Work out how many lines in the data below include "long", then reply with that number only.
-- Recorded information follows --
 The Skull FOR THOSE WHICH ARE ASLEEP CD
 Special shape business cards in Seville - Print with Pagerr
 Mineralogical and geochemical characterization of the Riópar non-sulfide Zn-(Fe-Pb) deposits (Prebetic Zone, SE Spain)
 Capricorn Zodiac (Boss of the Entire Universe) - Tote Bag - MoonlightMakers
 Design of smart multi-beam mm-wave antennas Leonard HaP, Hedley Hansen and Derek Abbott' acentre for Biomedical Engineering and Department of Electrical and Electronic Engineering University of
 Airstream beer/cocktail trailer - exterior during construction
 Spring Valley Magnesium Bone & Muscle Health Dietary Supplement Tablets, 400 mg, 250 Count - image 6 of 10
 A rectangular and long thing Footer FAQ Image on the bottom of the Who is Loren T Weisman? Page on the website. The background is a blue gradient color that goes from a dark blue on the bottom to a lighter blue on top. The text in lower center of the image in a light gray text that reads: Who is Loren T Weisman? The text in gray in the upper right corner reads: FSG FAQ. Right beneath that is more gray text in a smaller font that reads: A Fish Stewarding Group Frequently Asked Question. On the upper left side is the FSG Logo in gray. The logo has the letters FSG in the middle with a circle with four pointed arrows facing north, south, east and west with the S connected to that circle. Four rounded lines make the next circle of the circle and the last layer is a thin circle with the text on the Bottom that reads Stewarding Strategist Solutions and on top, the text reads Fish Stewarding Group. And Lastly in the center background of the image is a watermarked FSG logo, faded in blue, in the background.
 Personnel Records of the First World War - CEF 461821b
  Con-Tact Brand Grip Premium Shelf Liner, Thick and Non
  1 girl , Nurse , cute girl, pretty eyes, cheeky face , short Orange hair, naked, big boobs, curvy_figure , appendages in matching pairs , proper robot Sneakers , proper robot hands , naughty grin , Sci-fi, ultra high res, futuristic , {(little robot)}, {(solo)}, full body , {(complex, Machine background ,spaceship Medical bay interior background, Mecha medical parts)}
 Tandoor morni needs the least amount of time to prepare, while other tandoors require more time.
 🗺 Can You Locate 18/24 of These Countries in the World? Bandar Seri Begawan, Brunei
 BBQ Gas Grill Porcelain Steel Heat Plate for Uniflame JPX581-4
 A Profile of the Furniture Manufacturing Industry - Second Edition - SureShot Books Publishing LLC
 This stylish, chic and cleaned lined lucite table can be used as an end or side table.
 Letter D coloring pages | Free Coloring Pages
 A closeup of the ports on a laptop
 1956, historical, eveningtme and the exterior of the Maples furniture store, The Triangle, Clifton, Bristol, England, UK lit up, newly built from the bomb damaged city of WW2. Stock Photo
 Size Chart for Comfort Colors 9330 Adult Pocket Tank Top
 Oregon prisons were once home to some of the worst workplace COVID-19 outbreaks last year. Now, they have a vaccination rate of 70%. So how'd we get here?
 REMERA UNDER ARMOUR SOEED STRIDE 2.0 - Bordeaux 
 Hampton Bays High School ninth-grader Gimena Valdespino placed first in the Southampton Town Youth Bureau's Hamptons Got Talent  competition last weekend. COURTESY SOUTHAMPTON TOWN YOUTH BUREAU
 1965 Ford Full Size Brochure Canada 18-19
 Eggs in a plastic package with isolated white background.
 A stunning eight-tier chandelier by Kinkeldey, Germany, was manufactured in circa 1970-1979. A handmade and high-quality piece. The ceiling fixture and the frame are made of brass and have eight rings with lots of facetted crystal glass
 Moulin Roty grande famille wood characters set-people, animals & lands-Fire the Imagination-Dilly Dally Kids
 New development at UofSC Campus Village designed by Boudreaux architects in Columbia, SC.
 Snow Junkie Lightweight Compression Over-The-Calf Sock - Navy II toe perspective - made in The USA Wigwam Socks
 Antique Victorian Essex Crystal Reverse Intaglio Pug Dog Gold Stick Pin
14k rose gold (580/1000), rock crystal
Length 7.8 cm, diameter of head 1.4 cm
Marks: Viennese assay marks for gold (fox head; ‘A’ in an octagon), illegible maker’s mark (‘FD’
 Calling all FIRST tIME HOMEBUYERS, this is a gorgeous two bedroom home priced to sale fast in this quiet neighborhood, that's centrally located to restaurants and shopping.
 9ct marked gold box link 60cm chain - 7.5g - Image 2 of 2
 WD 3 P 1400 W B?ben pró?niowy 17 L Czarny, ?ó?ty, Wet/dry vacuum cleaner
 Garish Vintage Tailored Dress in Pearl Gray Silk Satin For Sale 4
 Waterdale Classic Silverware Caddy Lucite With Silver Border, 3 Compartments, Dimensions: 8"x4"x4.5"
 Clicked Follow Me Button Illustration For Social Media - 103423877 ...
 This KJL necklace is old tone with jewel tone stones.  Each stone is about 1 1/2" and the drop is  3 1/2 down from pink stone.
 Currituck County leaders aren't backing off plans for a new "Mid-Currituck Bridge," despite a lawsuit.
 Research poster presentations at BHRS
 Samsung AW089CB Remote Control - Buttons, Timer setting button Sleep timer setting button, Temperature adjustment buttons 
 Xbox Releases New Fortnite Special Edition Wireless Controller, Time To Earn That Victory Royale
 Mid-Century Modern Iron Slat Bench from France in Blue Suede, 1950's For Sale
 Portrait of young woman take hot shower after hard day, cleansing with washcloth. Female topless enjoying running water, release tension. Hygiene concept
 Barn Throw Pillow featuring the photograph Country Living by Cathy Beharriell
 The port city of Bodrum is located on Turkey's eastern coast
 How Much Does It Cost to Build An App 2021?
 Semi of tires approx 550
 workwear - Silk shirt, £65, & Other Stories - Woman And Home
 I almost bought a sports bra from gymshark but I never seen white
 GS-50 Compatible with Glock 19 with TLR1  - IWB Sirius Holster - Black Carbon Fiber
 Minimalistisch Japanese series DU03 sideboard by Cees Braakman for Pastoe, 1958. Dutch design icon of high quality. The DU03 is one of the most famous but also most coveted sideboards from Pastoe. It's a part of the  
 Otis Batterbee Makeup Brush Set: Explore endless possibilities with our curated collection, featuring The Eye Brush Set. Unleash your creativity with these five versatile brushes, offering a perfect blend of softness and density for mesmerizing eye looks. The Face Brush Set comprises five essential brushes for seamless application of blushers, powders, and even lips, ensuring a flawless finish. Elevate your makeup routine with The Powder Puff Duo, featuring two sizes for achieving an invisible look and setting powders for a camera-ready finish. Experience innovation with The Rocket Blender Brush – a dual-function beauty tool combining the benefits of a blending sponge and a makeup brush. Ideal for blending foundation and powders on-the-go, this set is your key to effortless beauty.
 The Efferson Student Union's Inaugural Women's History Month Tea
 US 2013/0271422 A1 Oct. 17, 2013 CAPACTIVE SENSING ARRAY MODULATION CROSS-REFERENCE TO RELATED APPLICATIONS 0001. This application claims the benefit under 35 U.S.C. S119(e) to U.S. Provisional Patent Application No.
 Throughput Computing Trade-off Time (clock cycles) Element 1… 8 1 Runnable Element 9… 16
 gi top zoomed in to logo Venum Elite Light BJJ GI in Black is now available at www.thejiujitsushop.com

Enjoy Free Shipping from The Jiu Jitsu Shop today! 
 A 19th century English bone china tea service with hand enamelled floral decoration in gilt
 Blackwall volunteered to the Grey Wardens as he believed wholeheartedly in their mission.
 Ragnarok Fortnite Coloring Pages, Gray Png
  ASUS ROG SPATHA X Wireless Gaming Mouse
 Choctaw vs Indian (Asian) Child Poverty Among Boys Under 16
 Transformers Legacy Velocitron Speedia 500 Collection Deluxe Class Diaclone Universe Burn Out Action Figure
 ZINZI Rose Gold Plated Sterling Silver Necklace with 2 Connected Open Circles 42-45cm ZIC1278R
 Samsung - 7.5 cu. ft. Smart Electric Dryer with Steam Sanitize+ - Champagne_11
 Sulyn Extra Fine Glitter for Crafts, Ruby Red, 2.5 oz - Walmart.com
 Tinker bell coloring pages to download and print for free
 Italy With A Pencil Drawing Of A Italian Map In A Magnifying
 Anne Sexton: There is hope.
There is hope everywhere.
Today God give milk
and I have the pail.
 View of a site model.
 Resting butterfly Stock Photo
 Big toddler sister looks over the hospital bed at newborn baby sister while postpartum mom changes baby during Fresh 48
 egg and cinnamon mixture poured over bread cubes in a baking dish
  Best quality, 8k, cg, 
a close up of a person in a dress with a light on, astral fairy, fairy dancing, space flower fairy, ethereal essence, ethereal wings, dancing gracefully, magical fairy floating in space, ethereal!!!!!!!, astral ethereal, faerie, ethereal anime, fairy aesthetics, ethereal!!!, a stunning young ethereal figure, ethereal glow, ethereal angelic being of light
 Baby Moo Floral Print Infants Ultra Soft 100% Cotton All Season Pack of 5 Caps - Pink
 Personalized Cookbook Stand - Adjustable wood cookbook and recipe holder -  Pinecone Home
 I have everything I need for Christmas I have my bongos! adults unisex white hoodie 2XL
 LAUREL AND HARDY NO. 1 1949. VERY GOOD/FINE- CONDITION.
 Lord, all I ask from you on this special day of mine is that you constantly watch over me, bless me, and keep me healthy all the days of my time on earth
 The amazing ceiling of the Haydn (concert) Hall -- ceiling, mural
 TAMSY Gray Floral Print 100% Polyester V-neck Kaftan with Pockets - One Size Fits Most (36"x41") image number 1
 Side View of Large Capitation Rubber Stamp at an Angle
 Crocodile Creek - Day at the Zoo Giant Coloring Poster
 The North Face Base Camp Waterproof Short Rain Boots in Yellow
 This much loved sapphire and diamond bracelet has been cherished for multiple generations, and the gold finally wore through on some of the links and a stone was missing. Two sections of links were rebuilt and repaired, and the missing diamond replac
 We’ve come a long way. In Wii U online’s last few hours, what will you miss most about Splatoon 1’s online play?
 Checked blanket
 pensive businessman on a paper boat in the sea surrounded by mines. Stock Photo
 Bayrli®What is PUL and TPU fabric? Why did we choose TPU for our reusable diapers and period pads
-- Recorded information concluded --
Response area
2